International Military Tribunal for the Far East
The International Military Tribunal for the Far East (IMTFE), also known as the Tokyo Trial and the Tokyo War Crimes Tribunal, was a military trial convened on April 29, 1946 to try leaders of the Empire of Japan for their crimes against peace, conventional war crimes, and crimes against humanity, leading up to and during World War II. The IMTFE was modeled after the International Military Tribunal (IMT) at Nuremberg, Germany, which prosecuted the leaders of Nazi Germany for their war crimes, crimes against peace, and crimes against humanity.
Prime Minister of Japan
The prime minister of Japan is the head of government of Japan. The prime minister chairs the Cabinet of Japan and has the ability to select and dismiss its ministers of state.
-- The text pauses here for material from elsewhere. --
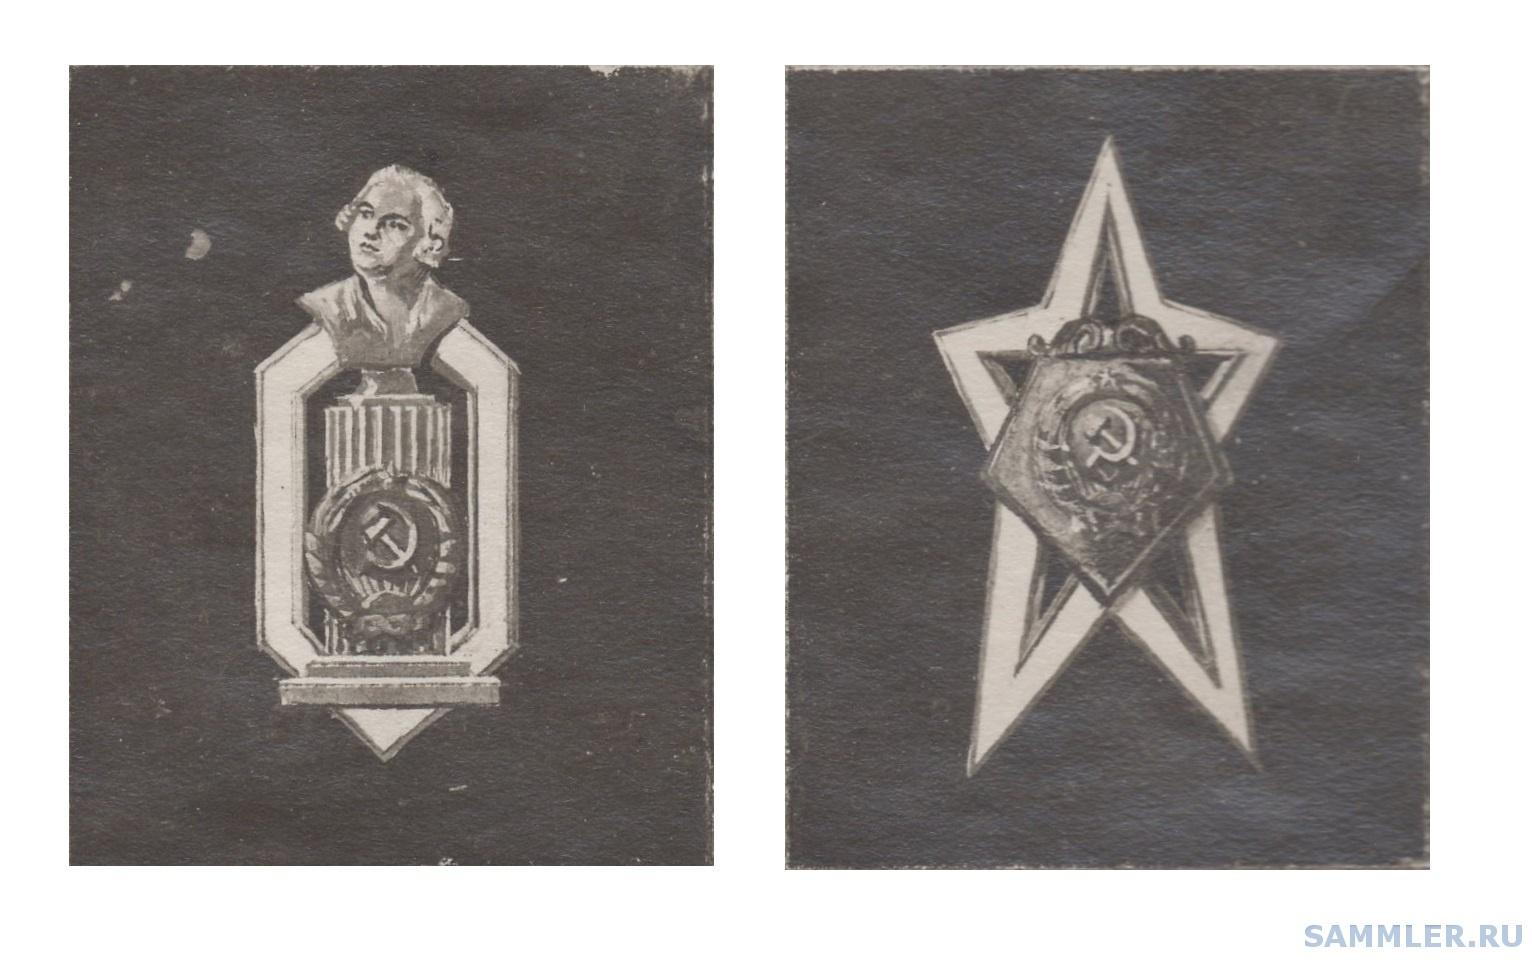 Проект знака об окончании гос. университета, до 1946 г. 2.jpg
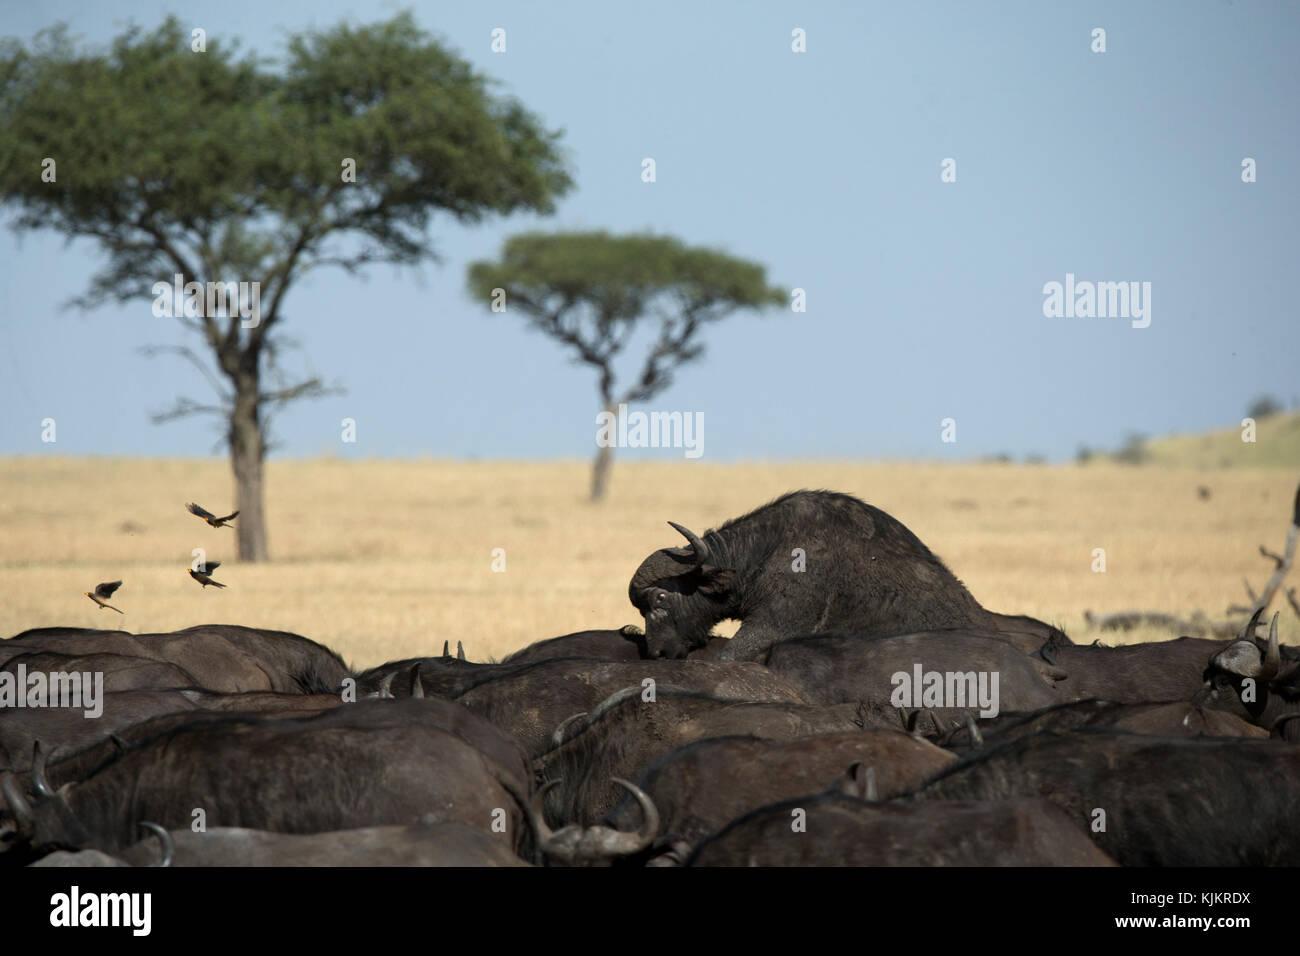 Serengeti National Park.  African Buffalos. Tanzania. - Stock Image

The prime minister also serves as the commander-in-chief of the Japan Self Defence Forces.
Hideki Tojo
Hideki Tojo was a Japanese general and statesman who served as Prime Minister of Japan from 1941 to 1944 during the Second World War. His leadership was marked by widespread state violence and mass killings perpetrated in the name of Japanese nationalism.
War crime
A war crime is a violation of the laws of war that gives rise to individual criminal responsibility for actions by combatants in action, such as intentionally killing civilians or intentionally killing prisoners of war, torture, taking hostages, unnecessarily destroying civilian property, deception by perfidy, wartime sexual violence, pillaging, and for any individual that is part of the command structure who orders any attempt to committing mass killings, the granting of no quarter despite surrender, the conscription of children in the military, and flouting the legal distinctions of proportionality and military necessity.